In 2016 I moved to Geneva to lead the strategy group for Europe. That gave me a broad experience in working across a range of different geographies and the full extent of the PepsiCo portfolio. It’s also when I caught the data “bug” in that I could clearly see how transformational data and analytics were becoming for the CPG industry.

 

From that point on, my career has largely been about driving the data and analytics agenda within PepsiCo. I did this initially from an insights role, then in 2019 we created a dedicated advanced analytics group to build and scale data products. Most recently, we have become part of the strategy and transformation function and my role has expanded to include co-ordination of the wider digital transformation agenda.

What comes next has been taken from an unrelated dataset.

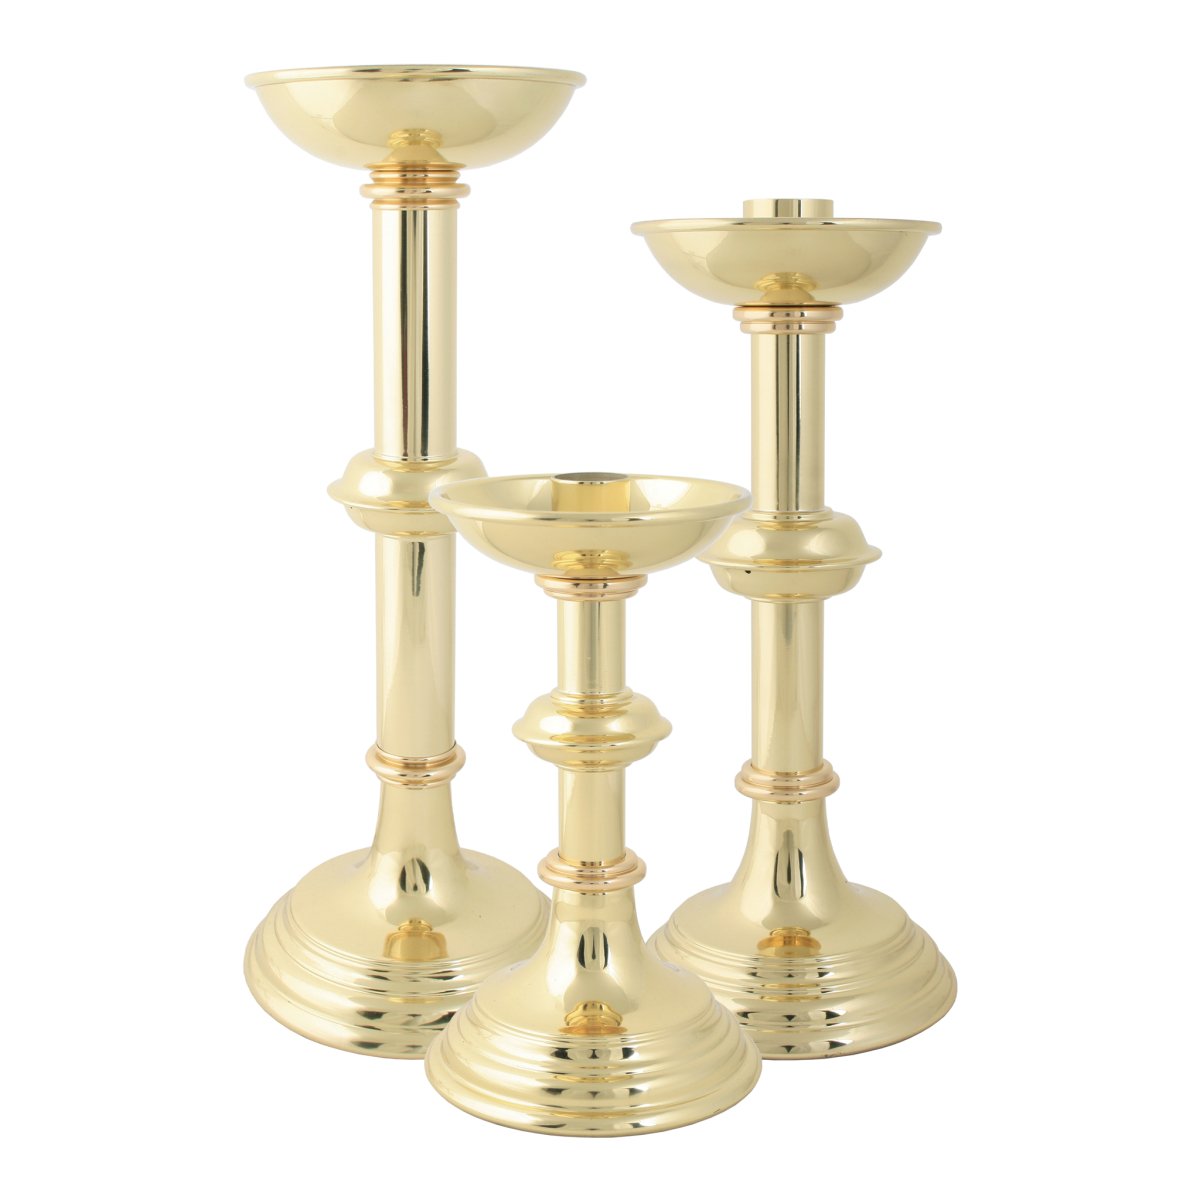 Dome Top Candlestick - Hayes & Finch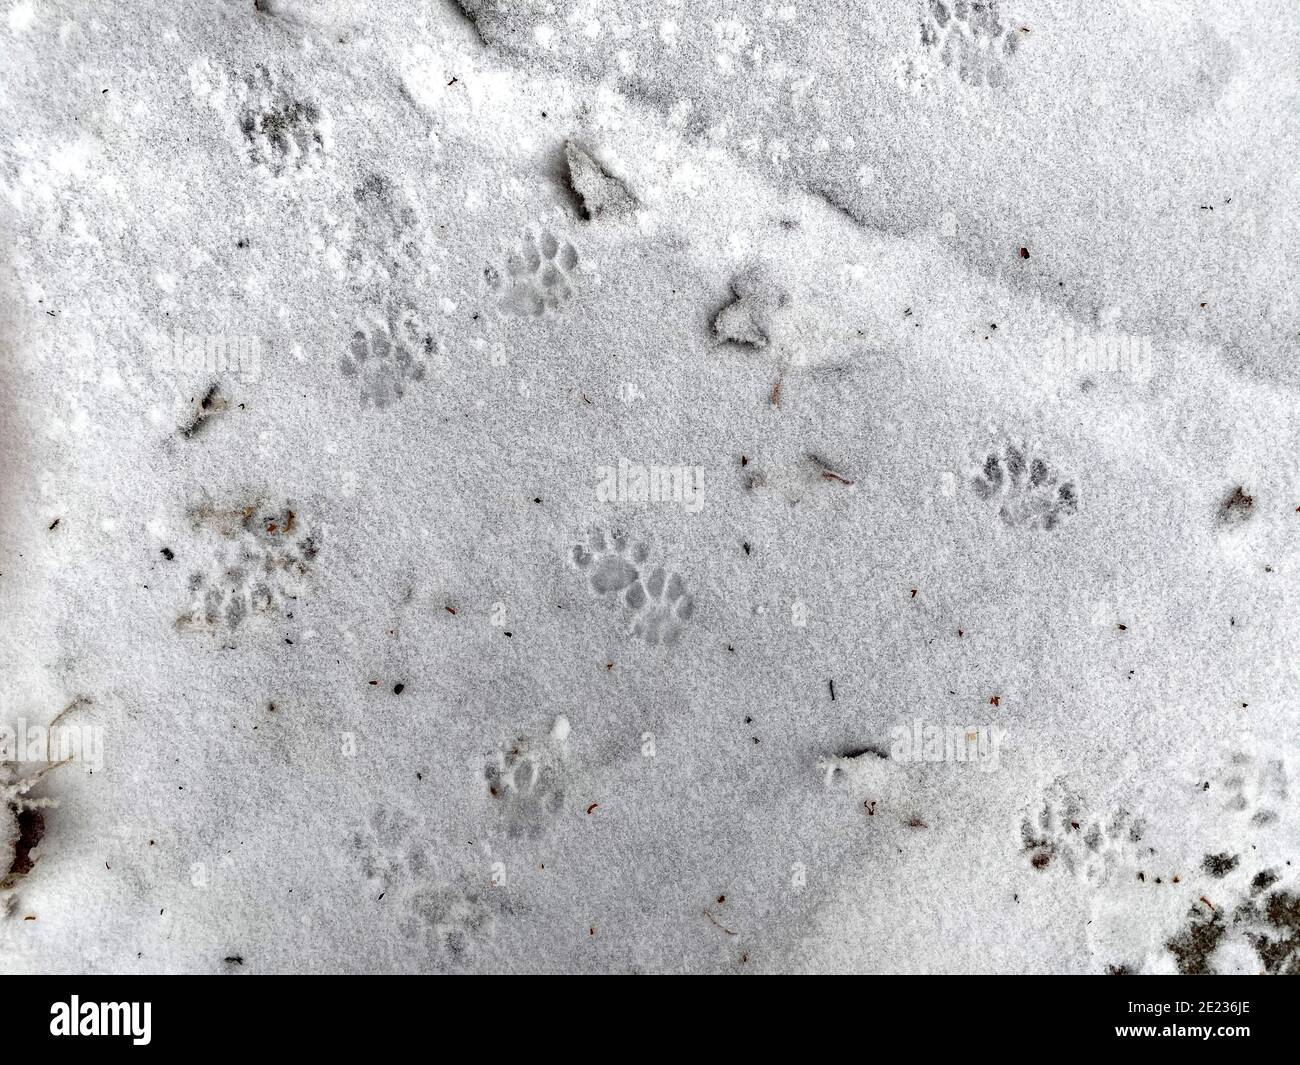 Cat tracks on the first snow. Snow grains on the ground, cat paw prints in the snow. Stock Photo

What impact has the pandemic had on the role of data in your company / organisation?

 

The pandemic – and the way that recovery has been phased and uneven across geographies – has been a huge accelerator. That’s logical. The business context has changed so radically that business intuition created pre-pandemic can no longer be relied on to the same extent as before, and robust data becomes critical to decision making across the total value chain. For a consumer goods company that sits at the forefront of changing in consumer trends, shopping behaviors and retail channels, that’s been further exacerbated.

 

The pandemic has accelerated digital transformation across the globe, bringing new opportunities to reach consumers, engage employees and drive efficiency and sustainability. So data has played a crucial role in ensuring the continuity of business across Europe throughout the crisis.

 

For example, we’ve used store data (we call this StoreDNA) extensively throughout the pandemic to focus our sales teams on outlets that we know are open for business and that we can predict will see growing sales due to changing shopping patterns, for example due to staycation or home working trends.

 

The net impact of the pandemic is that business leaders have become much more receptive to leveraging data tools. That’s a trend that won’t be reversed as we return to “normal”.